Foto: Arquivo Pessoal/Raquel Guimarães

“No começo foi muito difícil. Eu não queria viver, sabe? Sentia muitas dores, a fase da fisioterapia em casa foi muito complicada. Eu não queria, mas eu não poderia deixar de lutar por mim!”, relembra Raquel. Conta ainda que encontrou uma boa fisioterapeuta, que aumentou sua força de vontade para seguir no tratamento. A torcedora amadureceu, passou a dar valor nas coisas pequenas da vida, como se alimentar, andar, respirar.

A botafoguense relata ainda que encontrou ortopedistas incríveis, que lhe deram um choque de realidade. Aliás, nunca havia aparecido um caso como o dela. Sua cirurgia foi transmitida ao vivo para os médicos estudarem hoje e futuramente. “Me deram um ânimo a mais, com eles eu realmente sabia que ia tudo voltar ao normal, mas eu precisava fazer a minha parte também”, explica Raquel ao falar sobre o Dr. Flávio e sua equipe (SEFIX).

Raquel realizou uma cirurgia na perna direita no ano passado, parte da recuperação do movimento das pernas, que vem funcionando bem. Recentemente, realizou na perna esquerda.

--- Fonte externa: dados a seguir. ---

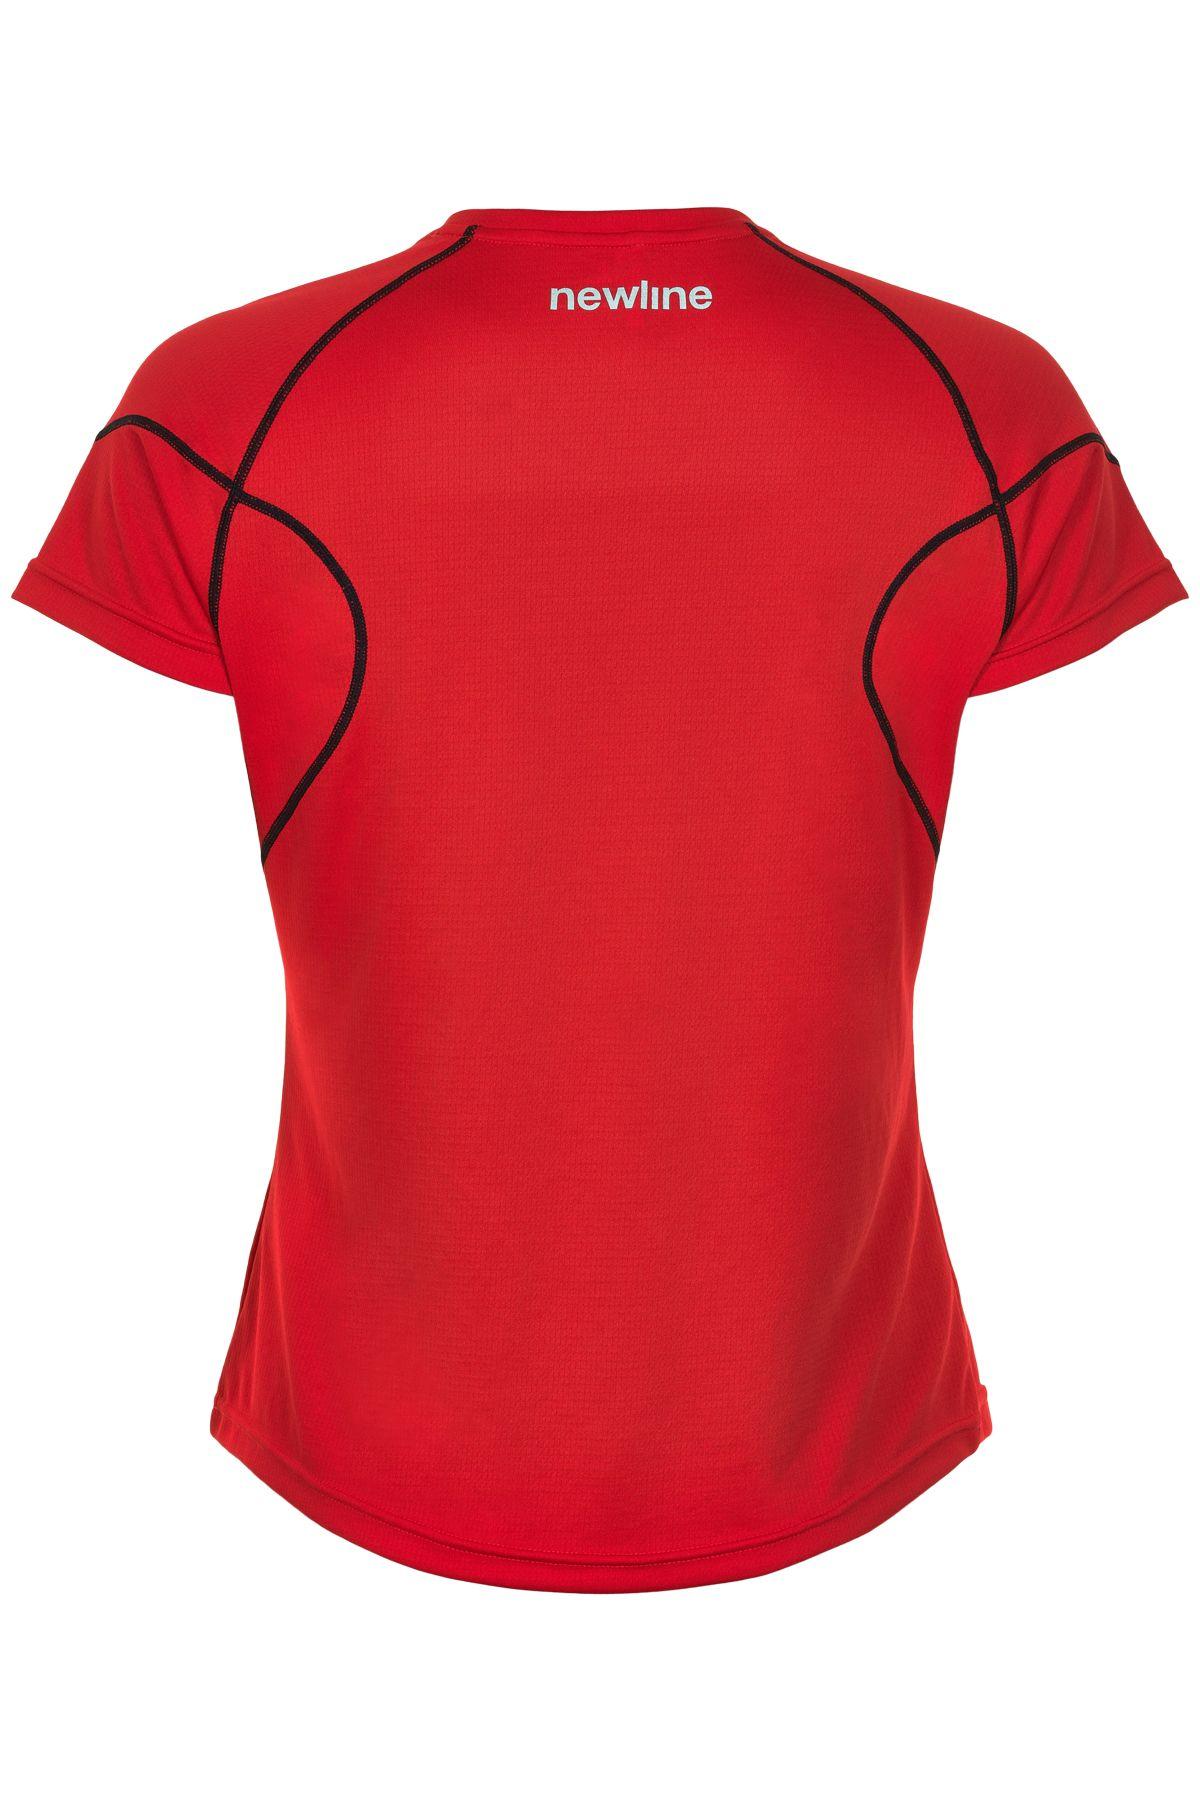 Newline W Core Coolskin t-shirt, red, x-small

Por esse motivo, foi orientada a não ir de cadeira de rodas ao estádio. “Mesmo assim (após todas as complicações e o processo de recuperação), hoje eu sou mais independente”, analisa a torcedora.

A jovem cursava fisioterapia antes da cirurgia, e confessa que hoje está entre ela e a graduação de ortopedia, resultado dos ótimos profissionais que cuidaram dela. “Creio que em qualquer uma das duas que seguir, serei uma boa profissional, porque sei bem de ambos os assuntos. Metade foi praticamente tudo no meu corpo, na prática”, analisa a futura médica.

Foto: Arquivo Pessoal/Raquel Guimarães

O BOTAFOGO
Logo depois das complicações, sua história foi contada na página Manual do Jogador Ruim. Nessa publicação foram marcadas muitas pessoas do Botafogo, então a diretoria a convidou para conhecer os jogadores em um treino. Antes disso, tinha ido em um jogo em Bangu, bairro da Zona Oeste do Rio de Janeiro. Lá, conseguiu uma foto com o Sassá. E, assim que recebeu o novo convite, fez questão de avisar ele e Bruno Silva via direct.

Raquel descreveu o primeiro encontro como surreal, já que conversou com alguns jogadores e assistiu o treino inteiro. Relata ainda que os dois jogadores, já citados acima, foram os que mais ficaram com ela. Relembra o descontento da torcida com eles, mas diz jamais poder esquecer do apoio que recebeu deles. Em que, nesse momento, se trata sim de “apenas” futebol. Aliás, ainda que aqui a história se misture, a vida é muito mais do que isso.

Ao final do treino, Sassá pediu para que Raquel esperasse ele tomar banho. Quando voltou, veio com uma camisa autografada por todos os jogadores ali presentes. “Ali só me deu mais forças para não desistir, imagina? Um time que eu amo, com os jogadores me dando uma força imensa, eu não poderia desistir”, conclui a torcedora. Não mesmo, Raquel. Ainda que o placar fosse o mais desanimador possível, só pode ser herói aquele que nunca desiste.

“Foste herói em cada jogo, Botafogo, por isso é que tu és e hás de ser nosso imenso prazer. Tradições aos milhões tens também, tu és o glorioso”.